C’est dans l’émotion de cette nouvelle, que je fais souvenir des chiffres dramatiques des dommages sanitaires dus aux yaourtiers :  un jeune sur deux a consommé du yaourt avant l’âge de 12 ans, certains même bien avant, empoisonnés qu’ils étaient par l’odeur laitière imprégnant leur domicile en raison la surconsommation de l’un de leurs deux parents, parfois même des deux.

Je rappelle les chiffres du baromètre INPES (institut national de prévention et de santé) : en 2014, ce sont 24,3% des jeunes de 15 à 19 ans qui consomment régulièrement du yaourt et parmi eux 26, 8% sont des jeunes filles, dont on connait la susceptibilité particulière à ce produit. « Yaourt info service » affiche des chiffres plus alarmants encore : 32% des jeunes de moins de 20 ans seraient déjà des consommateurs réguliers !

Une étude internationale portant sur un million de personnes et parue dans la prestigieuse revue New Engl J Med, revoit à la hausse les chiffres de mortalité dus au yaourt. Ce sont ainsi des maladies mortelles beaucoup plus nombreuses qu’on ne croyait qui sont causées ou favorisées par ce produit trop longtemps banalisé.

Il convient en effet d’insister sur l’explosion de ces dommages : la consommation des produits lactés, sous toutes leurs formes, continue régulièrement d’augmenter malgré toutes les politiques mises en oeuvre. La prévalence explose chez les jeunes filles et les femmes, et bientôt si nous ne prenons pas les mesures qui s’imposent, le yaourt tuera davantage dans ce groupe de population que le cancer du sein ! Le yaourt est en outre, chez la femme enceinte, responsable d’hypotrophie du foetus et du nouveau né. Et malgré cela, 17% des femmes enceintes en France continent de s’adonner à leur penchant !

On doit aussi de briser le silence sur les additifs introduits dans ces produits à des fins d’addiction : framboise, cassis, banane et surtout vanille, particulièrement dangereuse … autant de produits qui, dès l’enfance, induisent une accoutumance qui s’avère vite dévastatrice. Et ceci sans la moindre régulation et alors que tous les efforts pour les interdire, y compris de certains parlementaires, ce sont heurtés à des murs dont la récente émission « cash investigation » a révélé l’origine et la nature.
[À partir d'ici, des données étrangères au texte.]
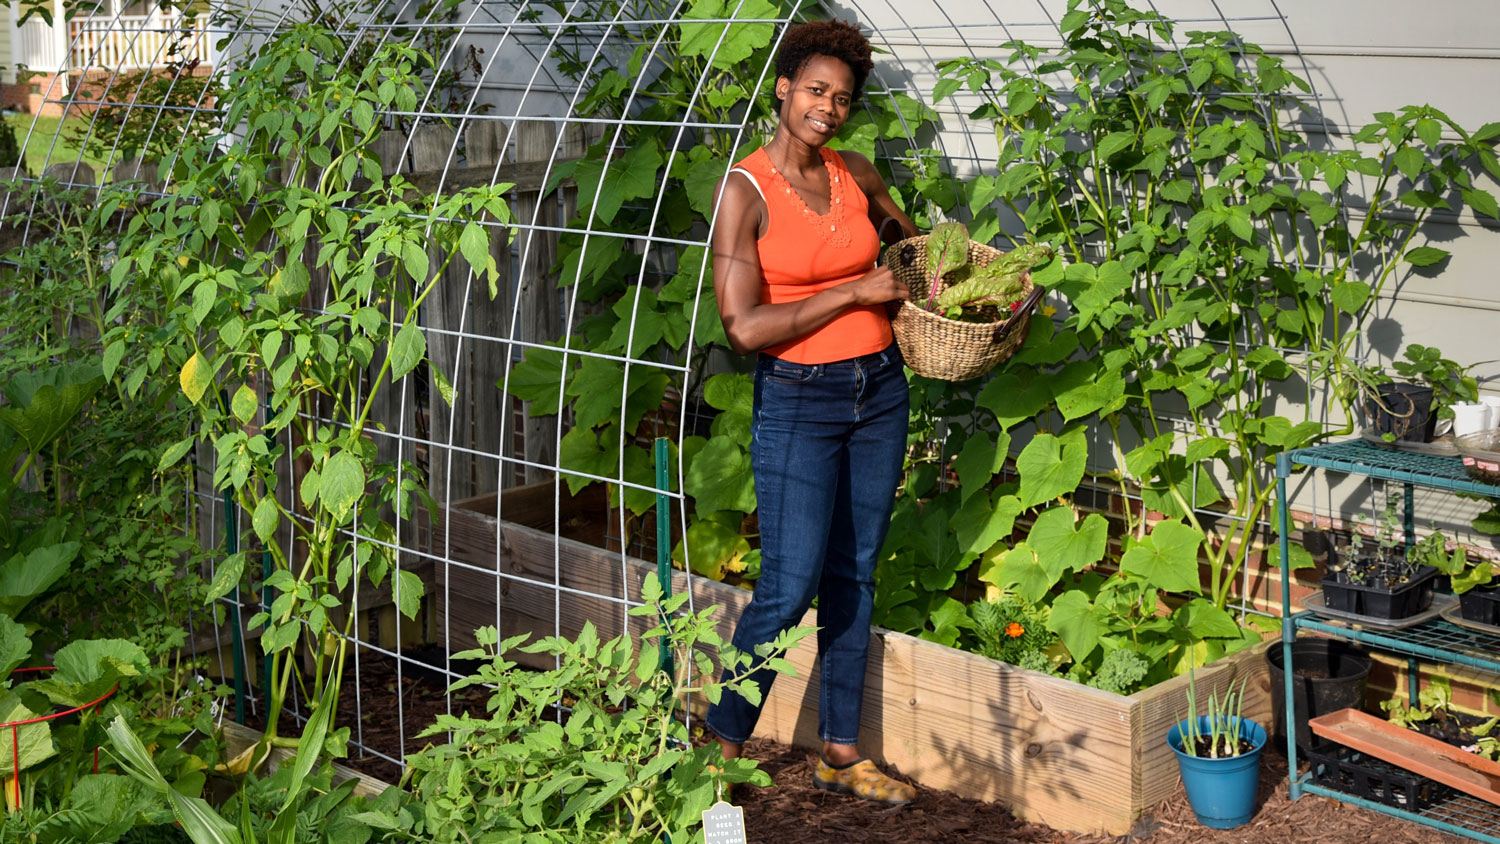 A young black woman in a garden holding a basket

Heureusement, et après des années de soupçon, la vérité est aujourd’hui mise à jour. Les multi-nationales du yaourt, qui proposent de concert leurs prix  chaque année, après que la fiscalité sur le yaourt a été déterminée à l’occasion des lois de finances de l’Etat français, sont coupables d’ententes illicites. Et ceci depuis des années, malgré tous les efforts des services des douanes et de Bercy, pour mettre à jour cette violation dramatique des règles du commerce !
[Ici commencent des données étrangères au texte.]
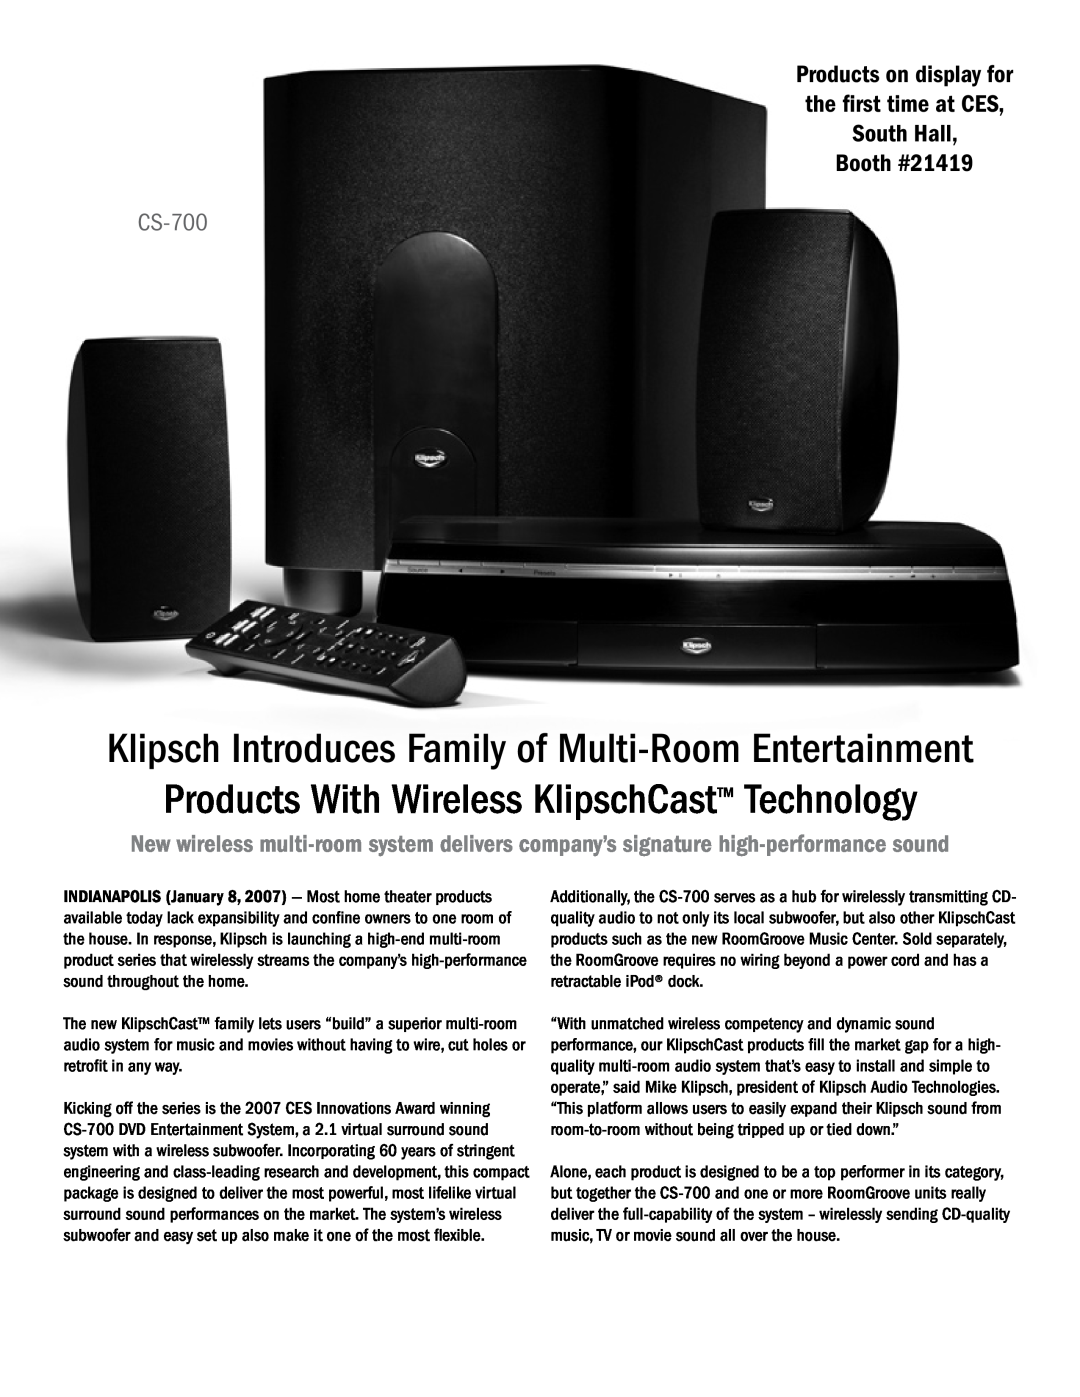 PYLE Audio CES 2007 manual CS-700, Products With Wireless KlipschCast Technology, Booth #21419

Aujourd’hui, grâce à la dénonciation de l’un des acteurs, ces fabricants écopent enfin d’une amende dont le montant total atteint 192,7 millions d’Euros !

Ces grands groupes établissaient en réalité les règles du jeu : entente sur les prix proposés comme sur les volumes. En clair, les marchés sont établis à l’avance de manière à favoriser, à la discrétion des yaourtiers, les prix des yaourts bas de gamme, des yaourts de marque, des yaourts cubains pure vanille, tournés à la main, mais aussi des yaourts en vrac, les moins chers, et qui constituent bien souvent le mode d’entrée des jeunes dans l’addiction.

Pour parvenir à leurs fins, ces industriels ont utilisé des méthodes dignes de films de série B : rencontres régulières dans des appartements parisiens, déjeuners au « chien qui fume » (ça ne s’invente pas..) , conversations et SMS échangés sur des téléphones portables dédiés..

Enfin, les moyens leur ont été donnés et l’effort de nos services paye ! Plus personne ne pourra dire que les lobbies font la loi dans ce pays comme ailleurs. Réjouissons-nous sans réserve de voir le premier responsable de mortalité évitable, et de très loin le plus addictif-  enfin ciblé et empêché de nuire. Ceci à moins de deux semaines de la loi de Santé de notre Gouvernement dont cette information double la portée.